It can get pretty repetitive too. Alum water as a cure is mentioned in the first part, then in the second section, then it’s explained again. Same goes with alcohol and with opium and with many other medicines used. Then there are diary entries read in part as they relate to what Rasbach is discussing which go on to be read in full for the last two hours of the book where every single day has been mined to find LeRoy’s complaints for that day.
I guess I should say: that gets to be pretty sad, and one wonders what living with so debilitated an individual did to his parents who had to stand by and watch. Plus, they never told LeRoy about his diagnosis (for, though there was no understanding of TB, there certainly was the understanding of the death sentence consumption doled out), so he was unaware of his fate. There are many, many entries where he speaks: I hope this soon goes away; I wonder when I’ll be better, etc. etc. It’s not until eight days before his death that he comes to realize what the title of this audiobook states.

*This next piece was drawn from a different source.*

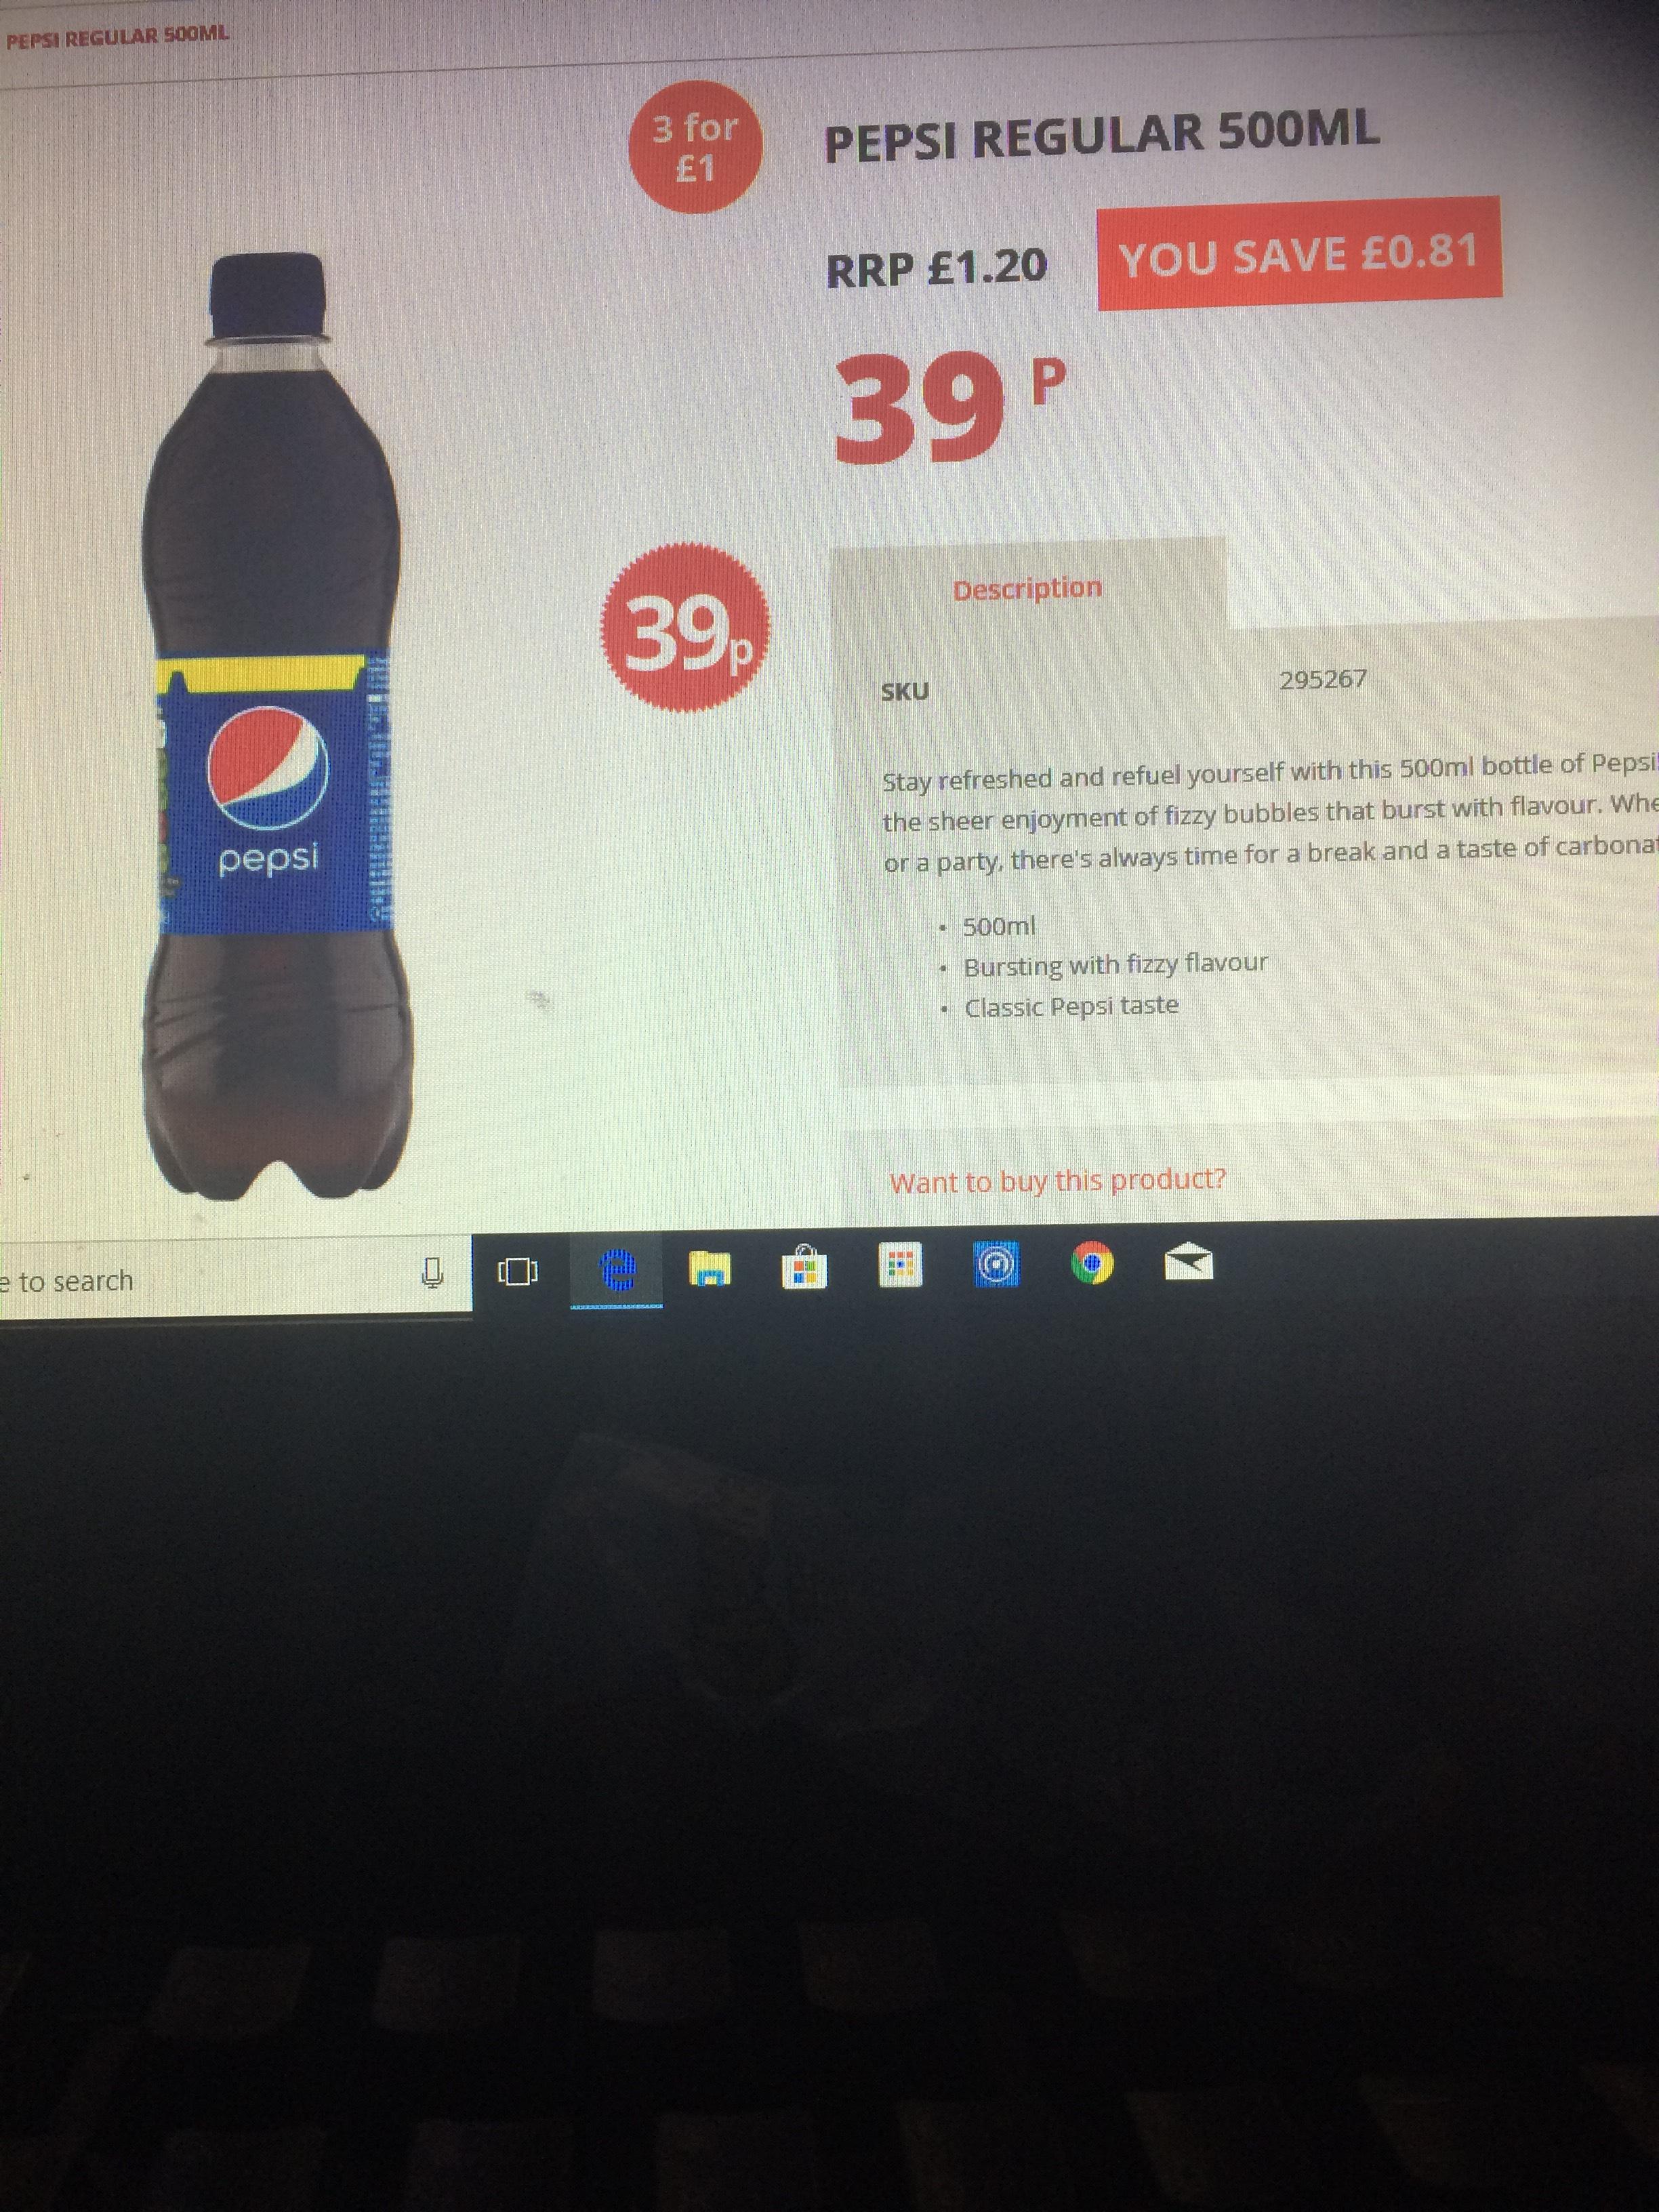 Pepsi Regular Bottle 500ml 3 for £1 @ Poundstretcher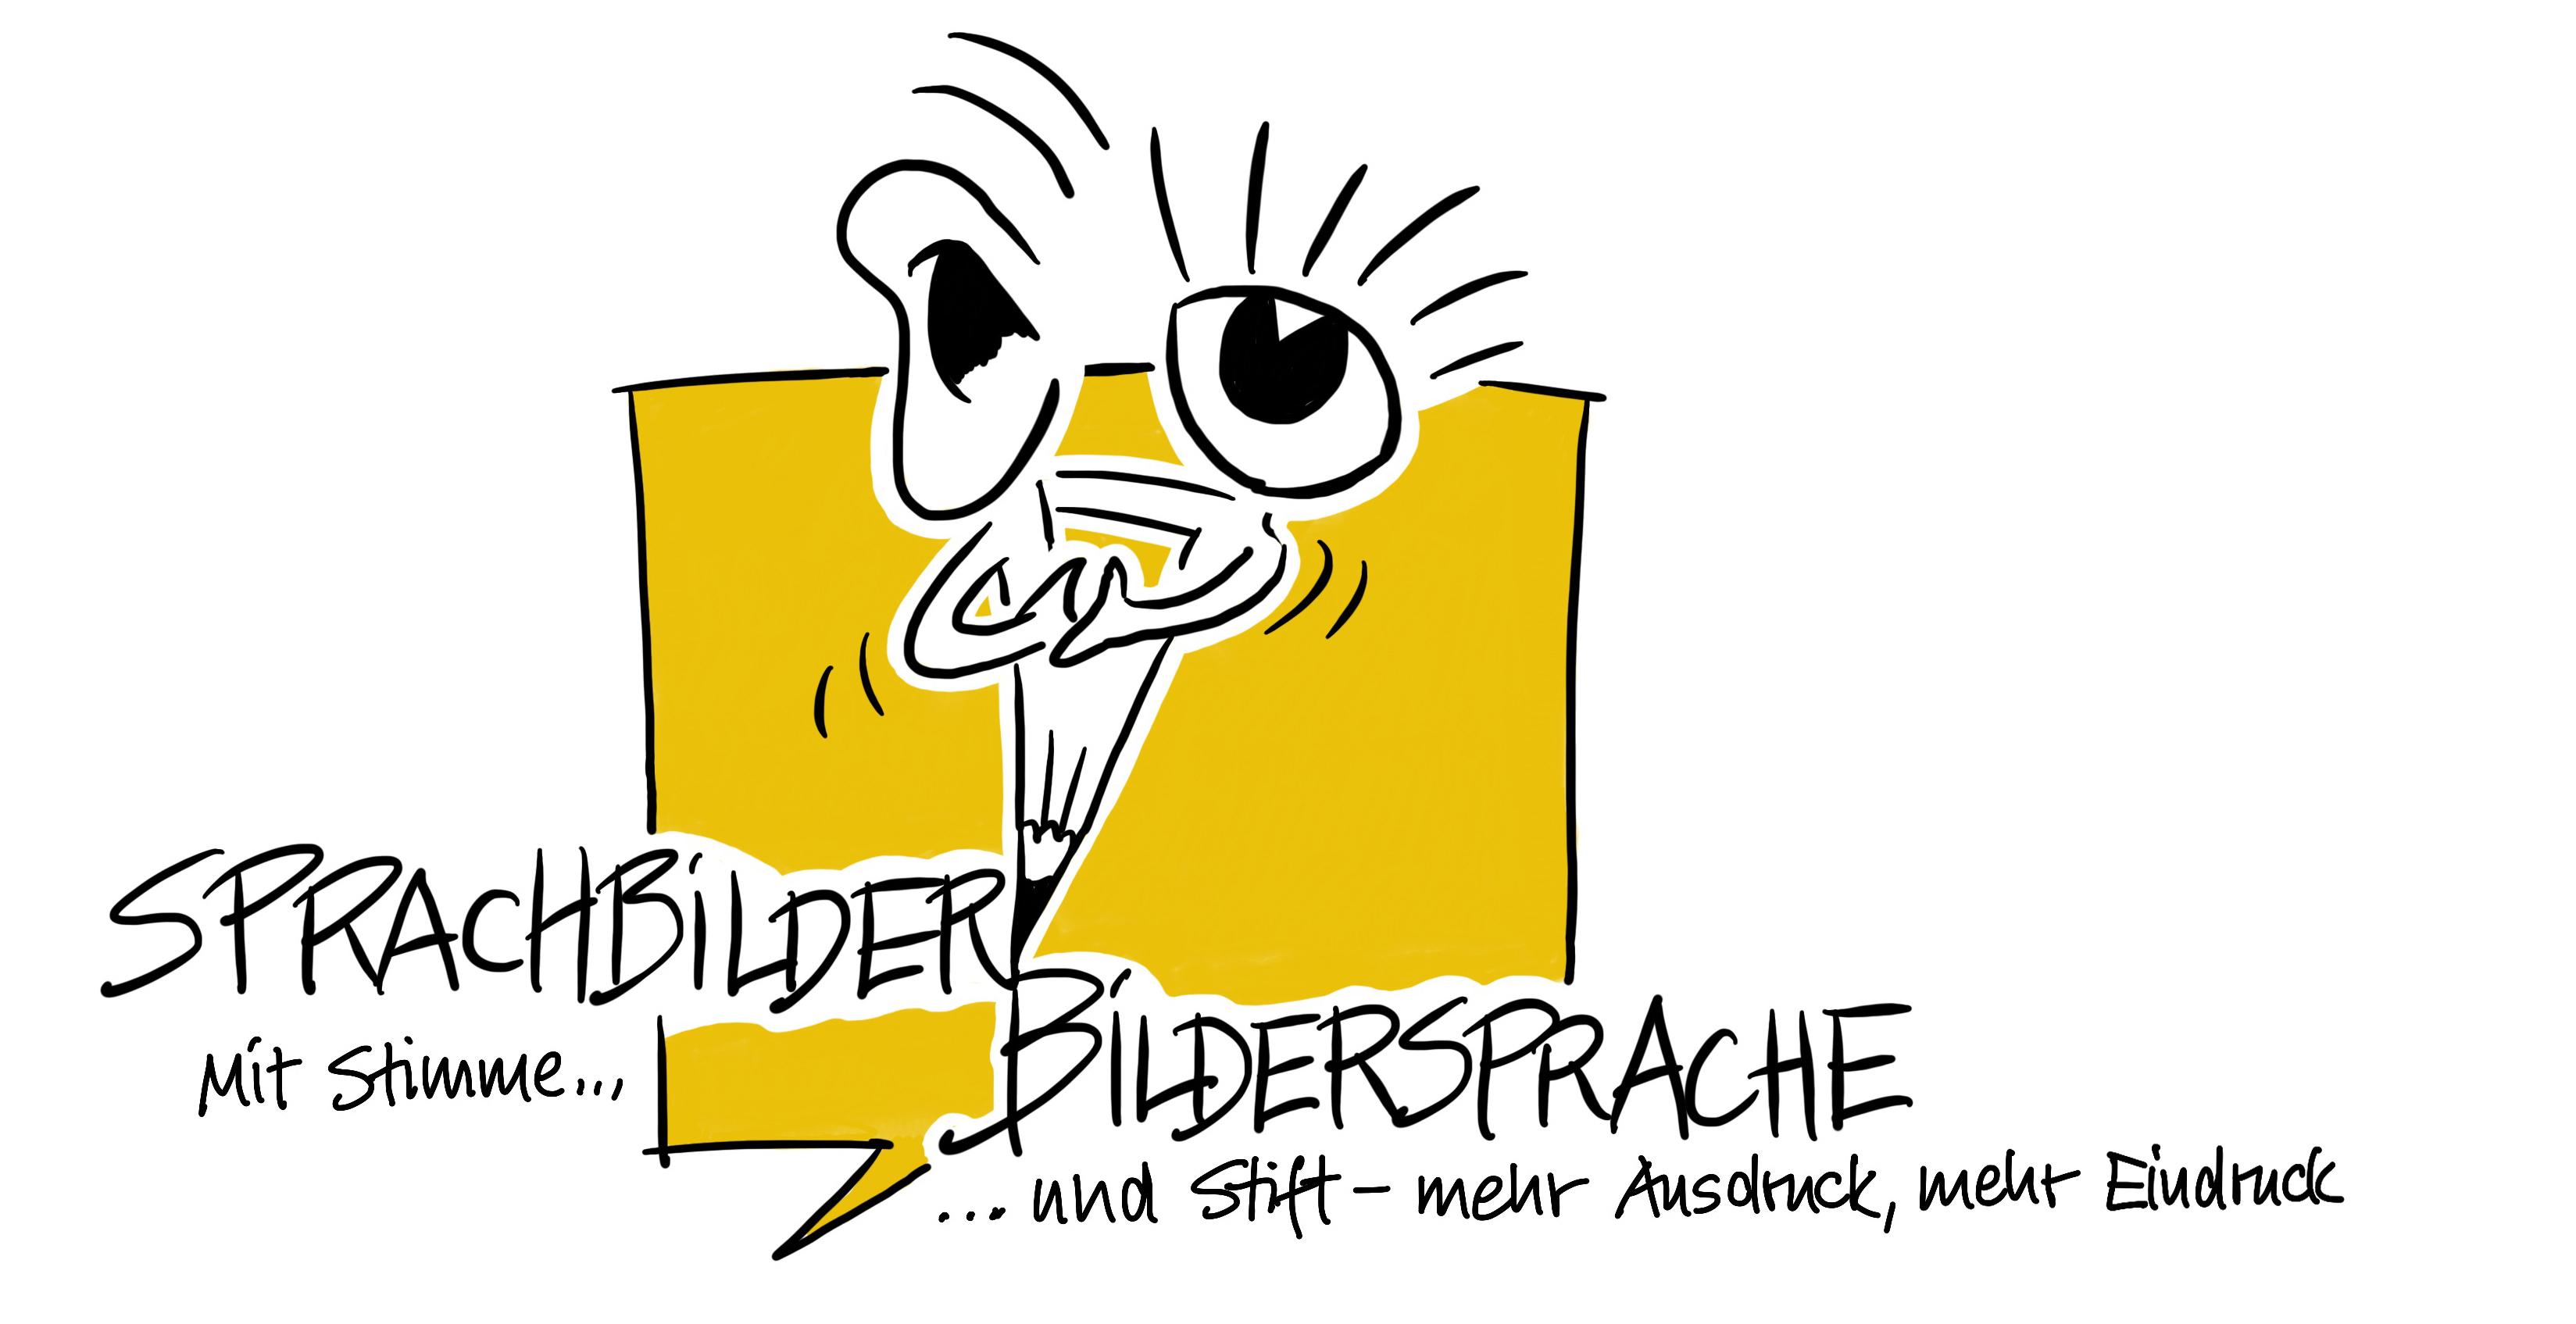 Logo_Sprachbilder_Bildersprache

Ben Collins does a good job with the narration. The litany of complaints could come off as whiny, but instead, we feel LeRoy as a confused boy/young man, one who is very tired of being exhausted and of living in pain. Plus, there is a rather amusing section where the text from advertisements for the “cures” of the day are read, and you kinda get that snake-oil salesman feel from his tones.
As a companion to LeRoy’s diaries, I Am Perhaps Dying is fairly interesting. But you HAVE to read that first or justice will not be done to LeRoy’s work and memory.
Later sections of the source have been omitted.